Nunca volverá a pasar.
Aunque tendrás que reconocer
que tu hermana rebota estupendamente.
Contéstame, por lo menos
dime que me odias,
dime que no me soportas,
escúpeme a la cara.
Grítame a través de la puerta.
Lánzame la tostadora con violencia.
Necesito entrar, llevo siete días comiendo de lo que encuentro en las papeleras
el sabor no es bueno
y podría contraer alguna enfermedad.

Apoyé el cuerpo contra la puerta.

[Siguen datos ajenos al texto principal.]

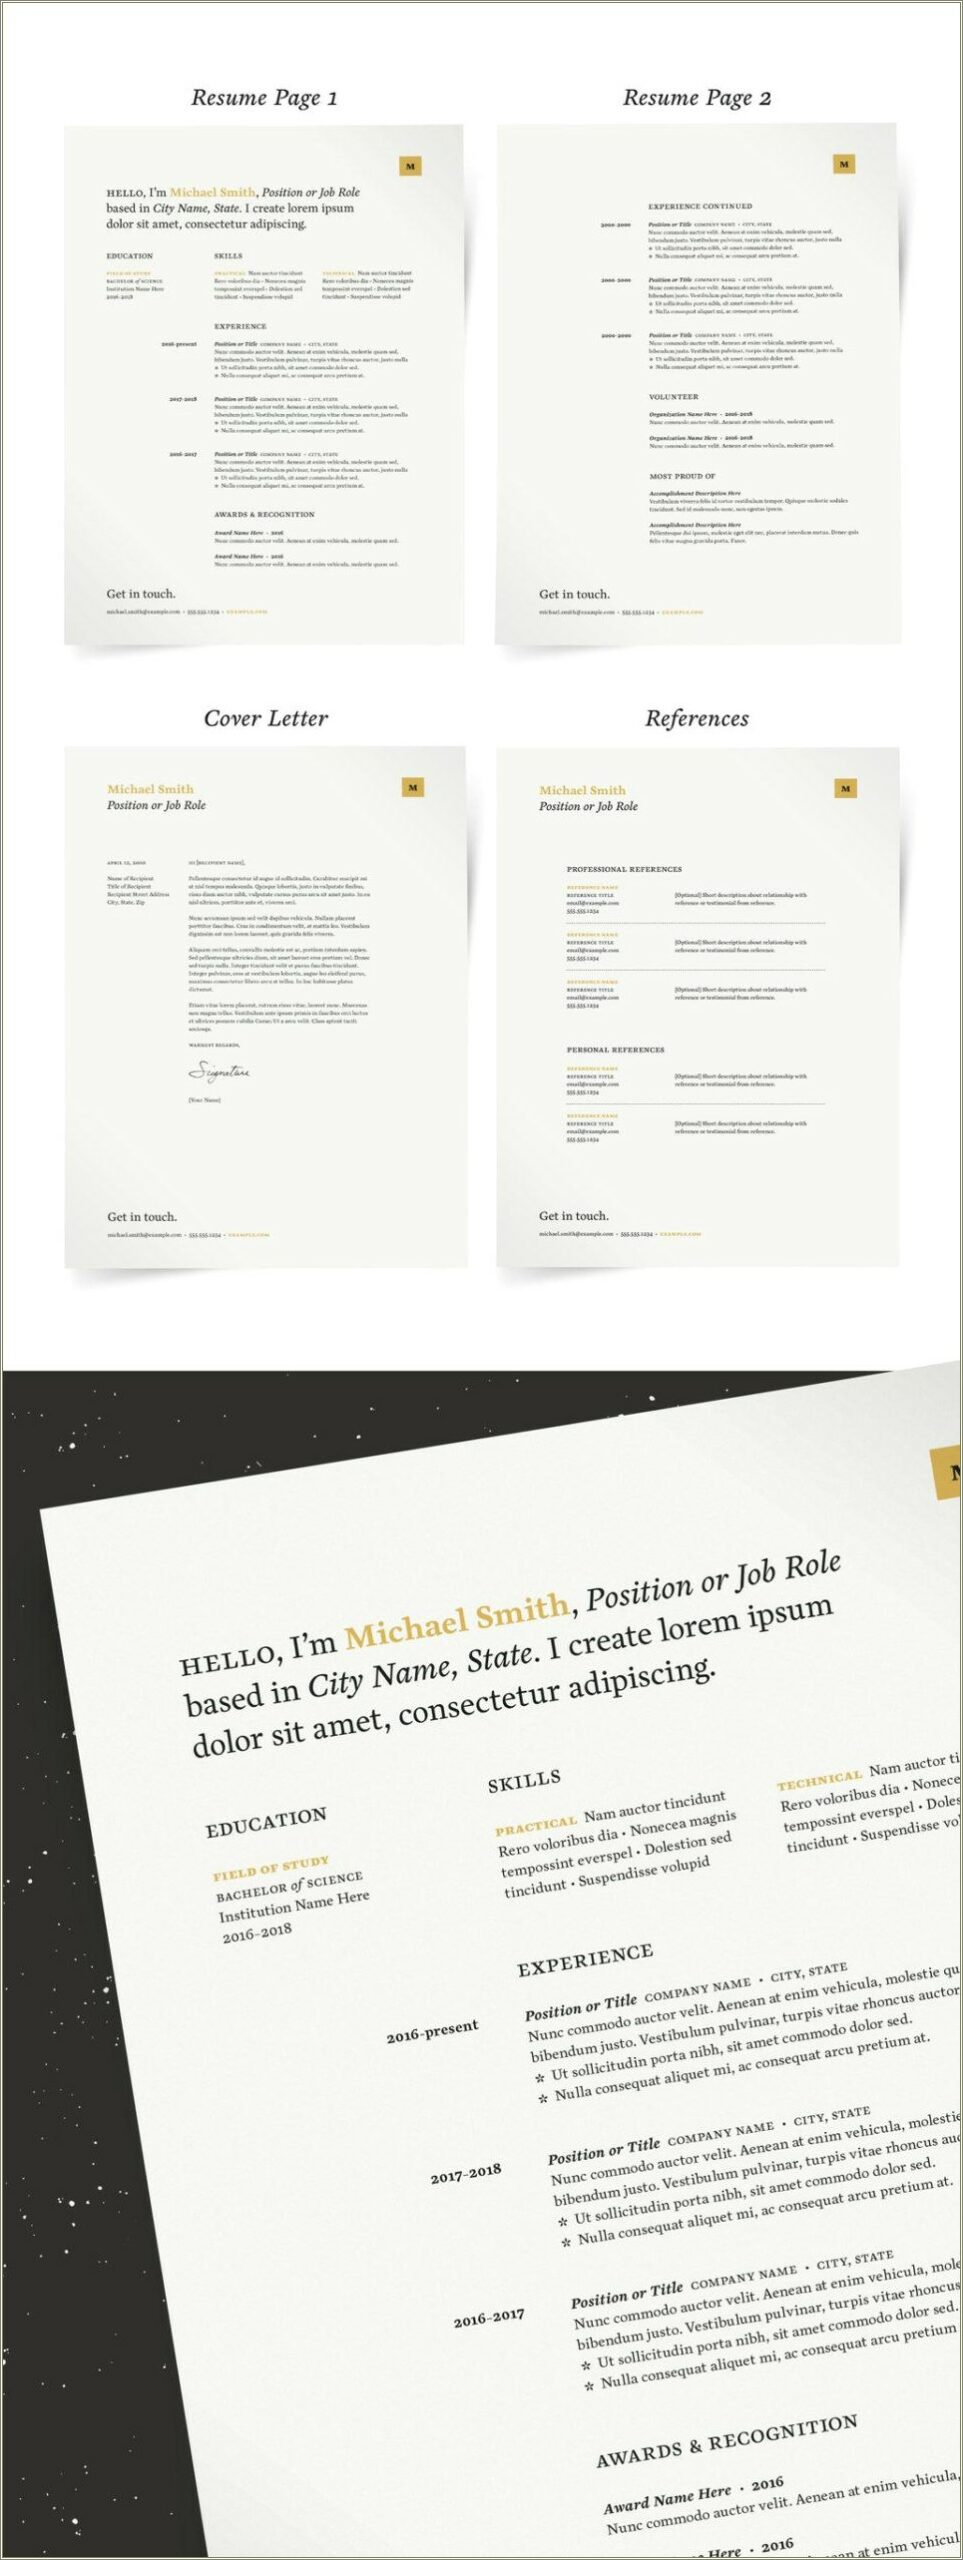 Attractive Resume Templates For Freshers Free Download

Quise sollozar para dar lástima, pero no pude. Ni siquiera sabía si ella estaba al otro lado. Intuía que sí, pero no lo sabía. Dejé que mi cabeza resbalara y quedé inclinado, tentado de abrazar mis rodillas, pensando que adoptar la postura indefensa de un niño me haría merecer el perdón de una madre. Sin embargo, mi mujer era estéril en más de un sentido, no se conmovería viéndome humillado, no me creería si me mostraba digno y no me abriría la puerta si a ella no le daba la gana.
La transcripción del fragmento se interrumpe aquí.